Enhanced hydrothermal liquefaction of shale oil sludge: Exploring catalyst combinations and synergistic effects of Fe, Na2CO3, and Ni/Al2O3

Oil shale has garnered significant attention as a supplementary energy source to traditional fossil fuels. In this study, we investigated the catalytic hydrothermal liquefaction (HTL) of shale oil sludge using three catalysts (Fe, Na2CO3, Ni/Al2O3) and three combinations in pairs. The hydrothermal oil (HTO) yield, energy recovery (ER), and conversion rate (CR) of organic matters were comprehensively analyzed under six catalyst conditions. Both Fe + Na2CO3 and Fe + Ni/Al2O3 paired catalyst combinations achieved similar HTO yields of 28.43 % and 28.13 % along with ER values of 56.19 % and 57.94 % respectively.
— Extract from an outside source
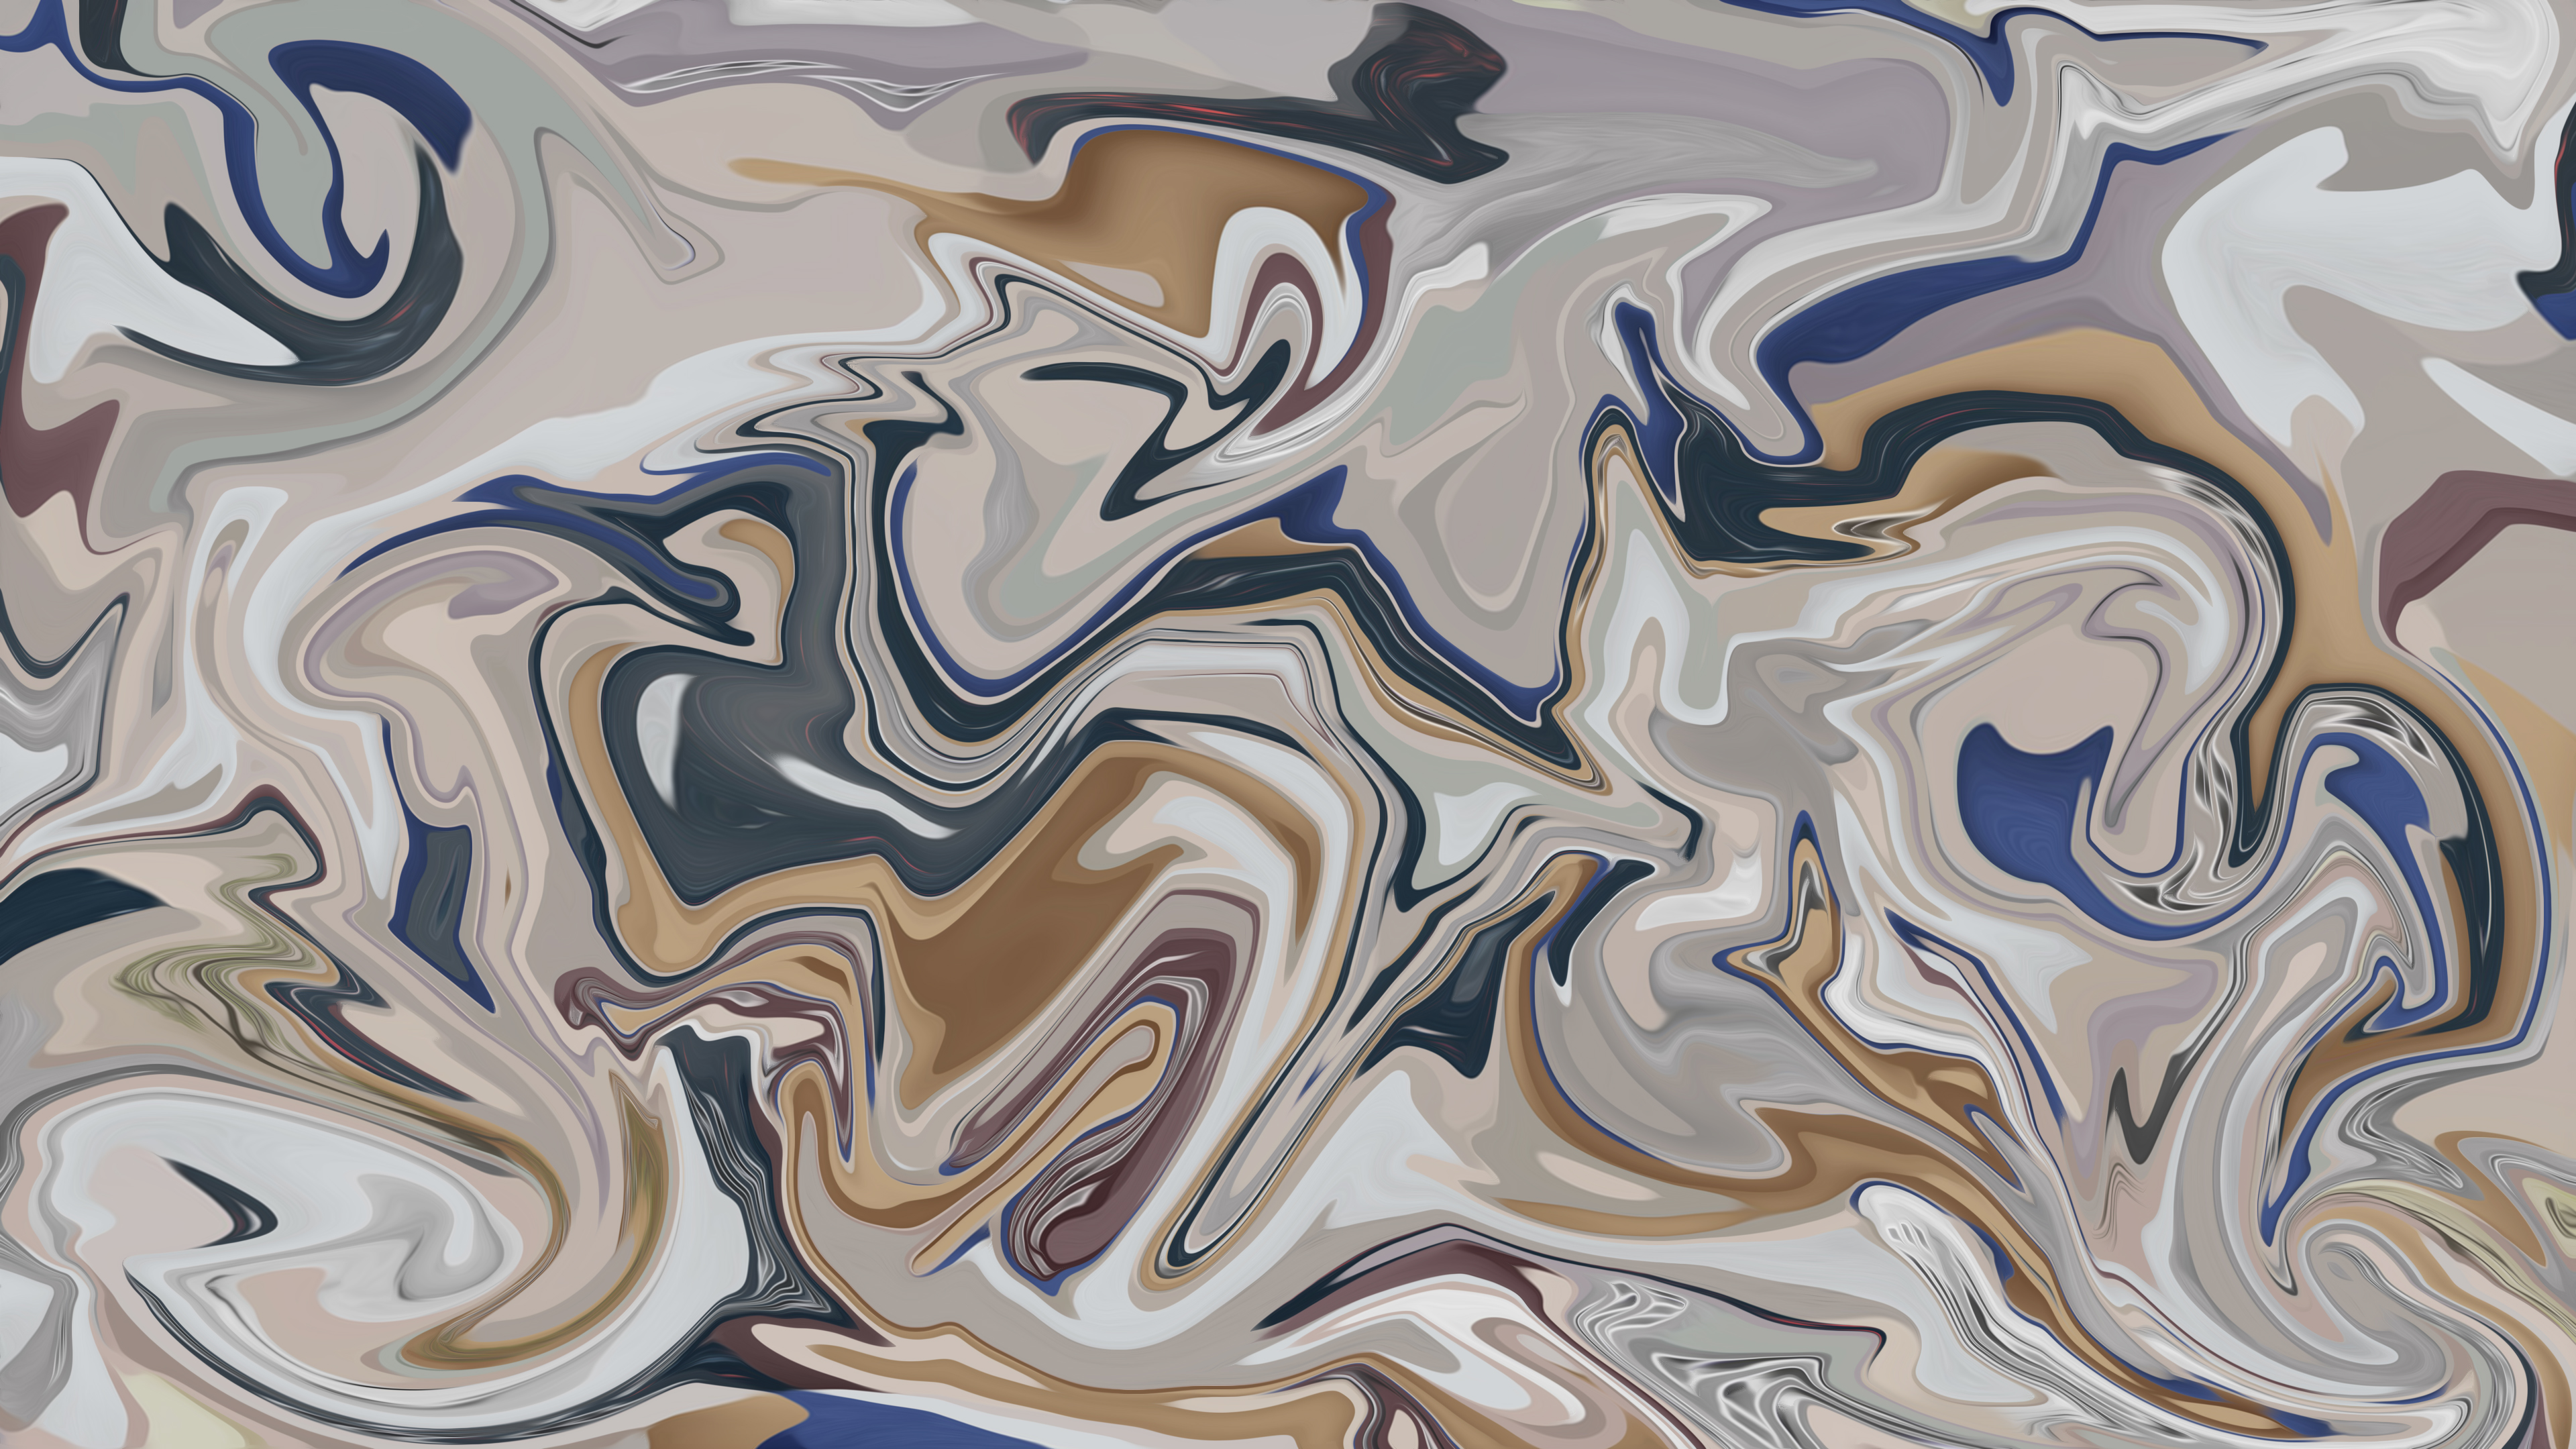 Abstract Fluid Liquid Illustration Graphic Design Artwork Digital Art Shapes Colorful Wind Light Bac 3840x2160

Moreover, these two groups achieved remarkably high CR values of 81.88 % and 81.02 %, respectively. The HTO from the Fe + Ni/Al2O3 combination has the highest H/C ratio and the lowest O/C ratio at 1.682 and 0.032, respectively. Elemental composition, Fourier transform infrared spectroscopy (FT-IR), and gas chromatography-mass spectrometry (GC-MS) analyses of HTO were conducted in this study. The HTO produced by using Fe + Ni/Al2O3 exhibited the most ideal distillation distribution, with fractions below diesel accounting for up to 96.94 %. Based on the catalytic functions of Fe, Ni, and Al2O3, six potential synergistic mechanisms of Fe + Ni/Al2O3 were summarized. These mechanisms highlighted Fe + Ni/Al2O3's roles in promoting compound conversion pathways in HTO, ultimately revealing the synergistic catalytic mechanism.